I think that applies to any government. The Soviet Union had a constitution that guaranteed the rights of its citizens, but Soviet officials just ignored it when convenient. The best written constitution isn’t helpful if everyone decides to ignore it. A truth I didn’t fully appreciate until recently.

That’s the part that’s most galling. The Right have been clamoring for years about federal power taking over and government overreach and liberty and standing up to the federal government. They claim to be the true patriots. They’ve been defending the right to own high-powered, high capacity semi-auto firearms and dodges that enhance fire rate, despite mass shootings on a near daily basis and turning nightclubs, malls, schools, and concerts into shooting galleries, in the name of protection from government tyranny. They worship Ruby Ridge and the Branch Davidians in Waco. Yet here they are cheering on the trashing of the Constitution and the federal government marching in to cities and the complete disregard for the rule of law.

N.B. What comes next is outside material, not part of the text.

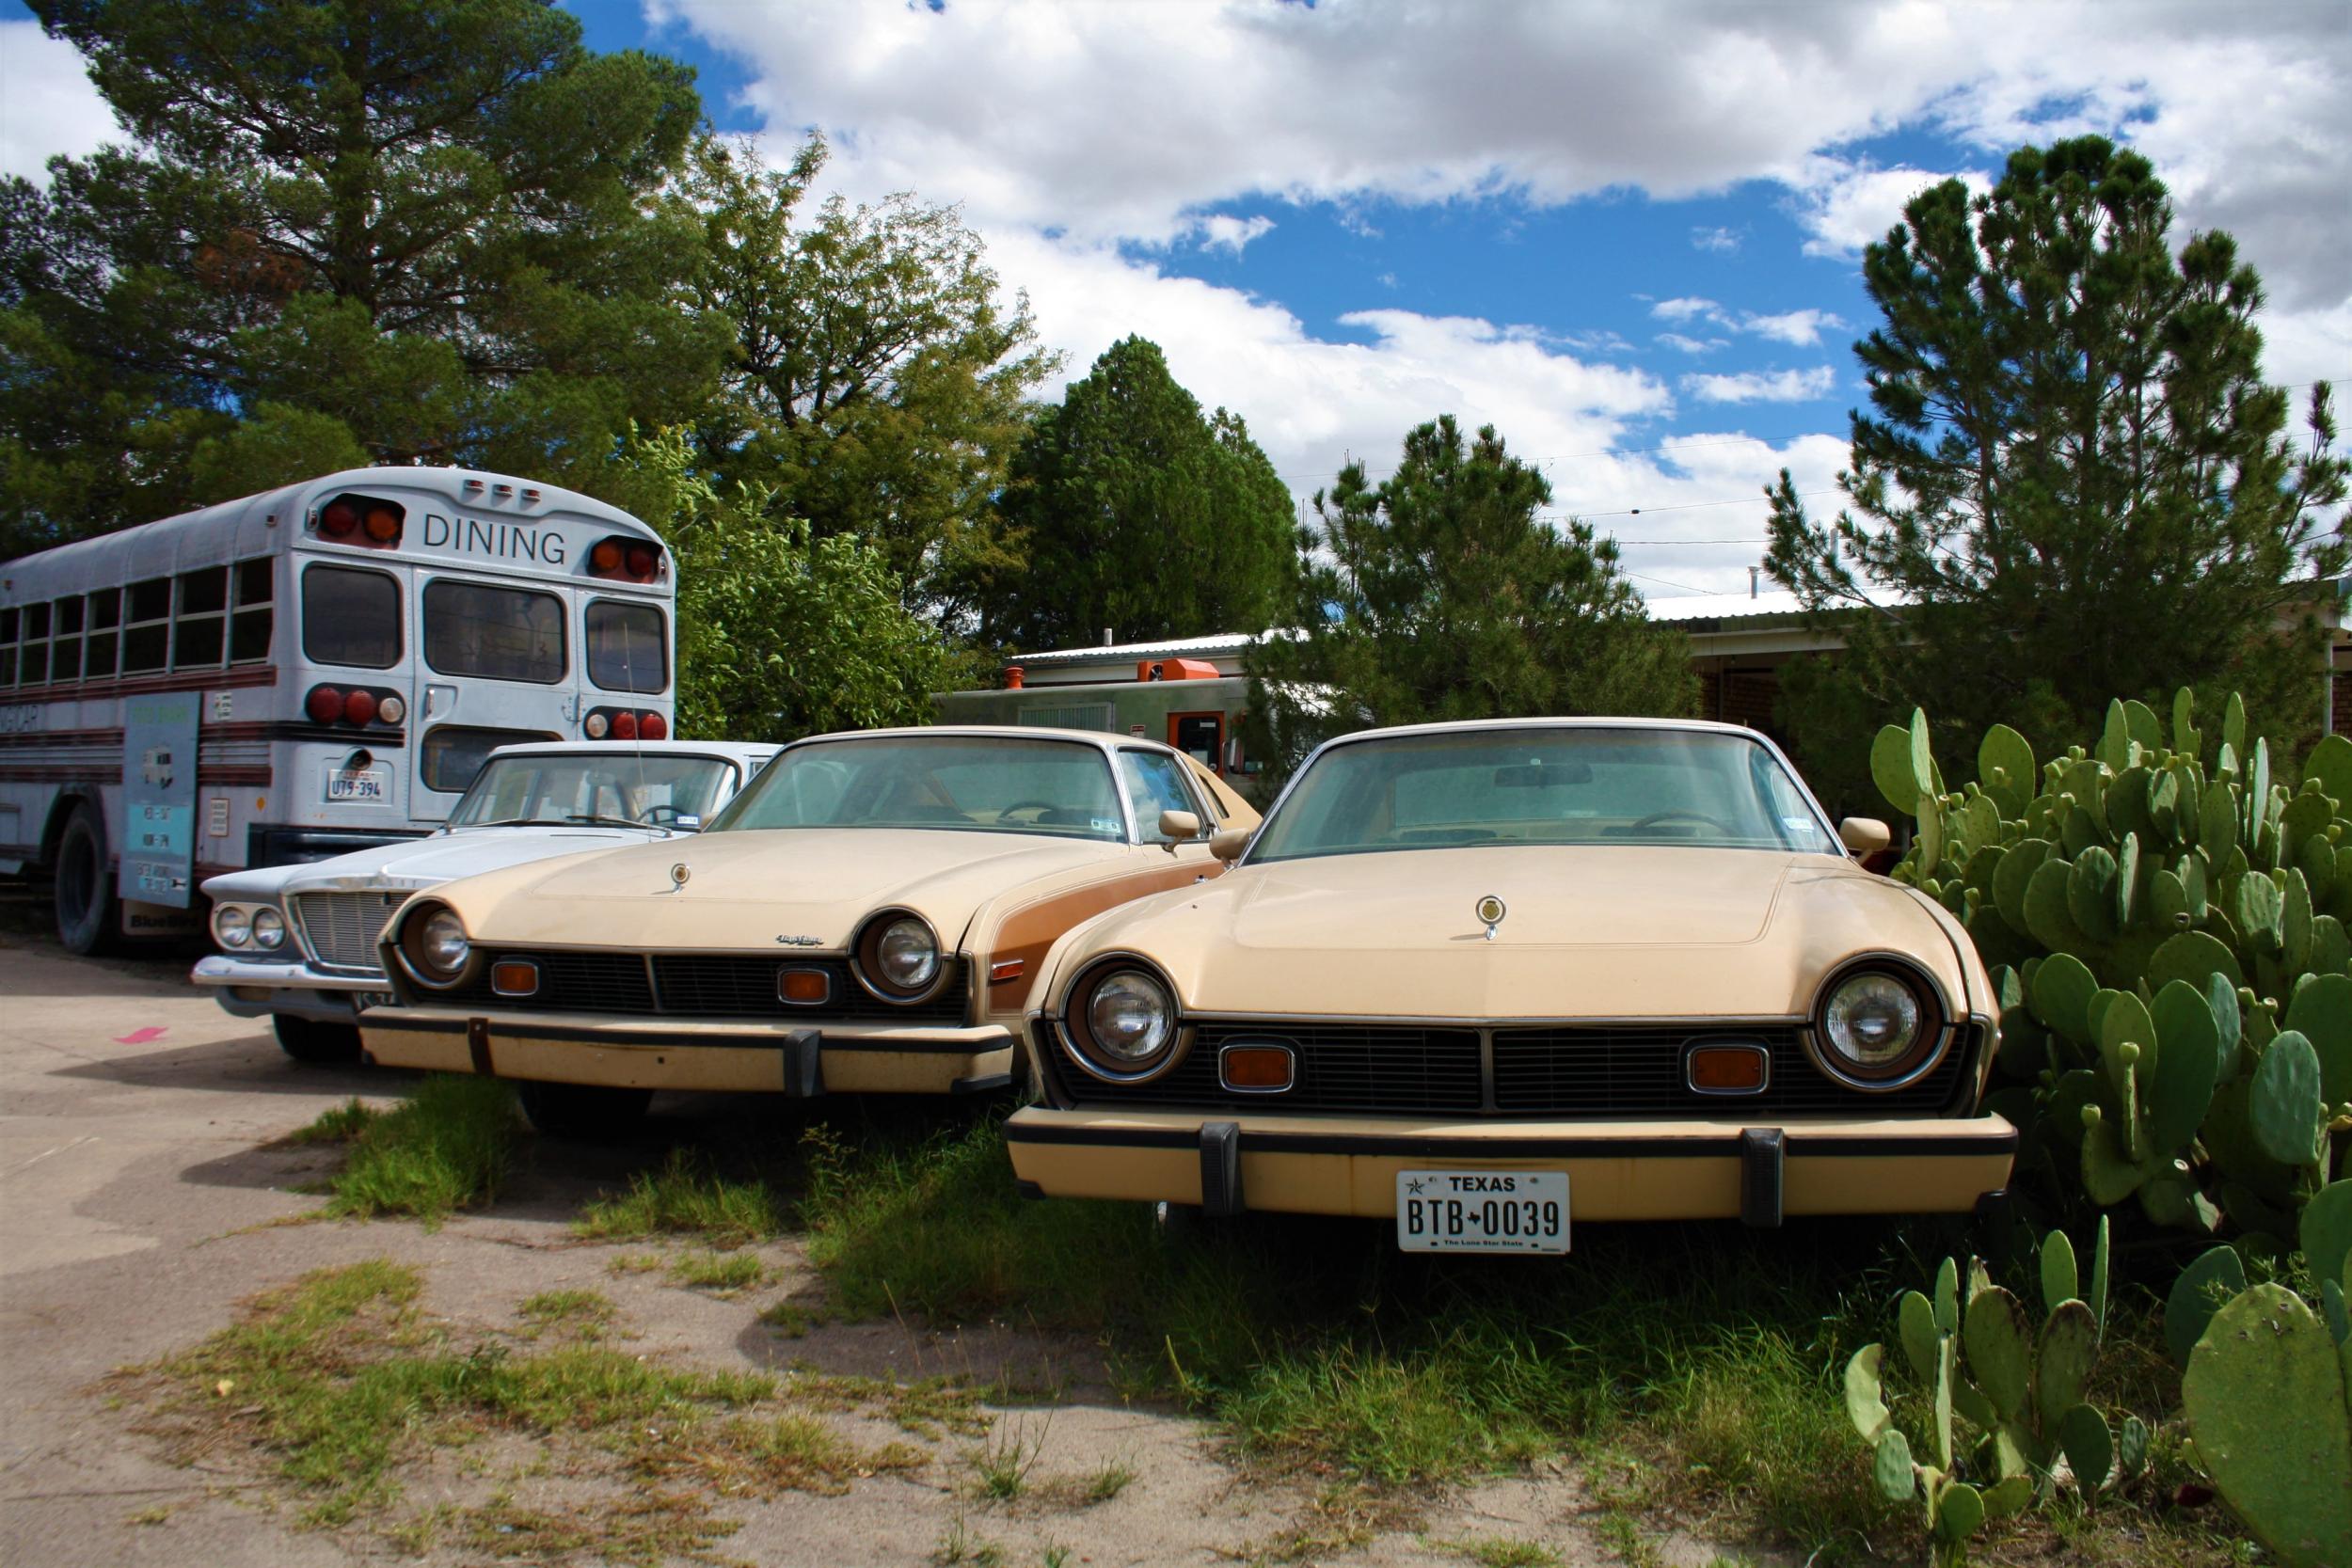 One of Marfa's food trucks has a collection of vintage cars

SCOTUS will be inundated with Constitutional challenges over the plethora of executive orders when they bubble up to their level. There might be one or two who champion the words of the old document yet they will be outvoted. And then time will run out. Seeya!

Article I will be back up and running once Central Services receives and processes a 27B stroke 6 form.

A lawyer writing in Salon suggests that if the federal government refuses to abide by court orders, judges could simply start refusing to hear cases where the government is the plaintiff.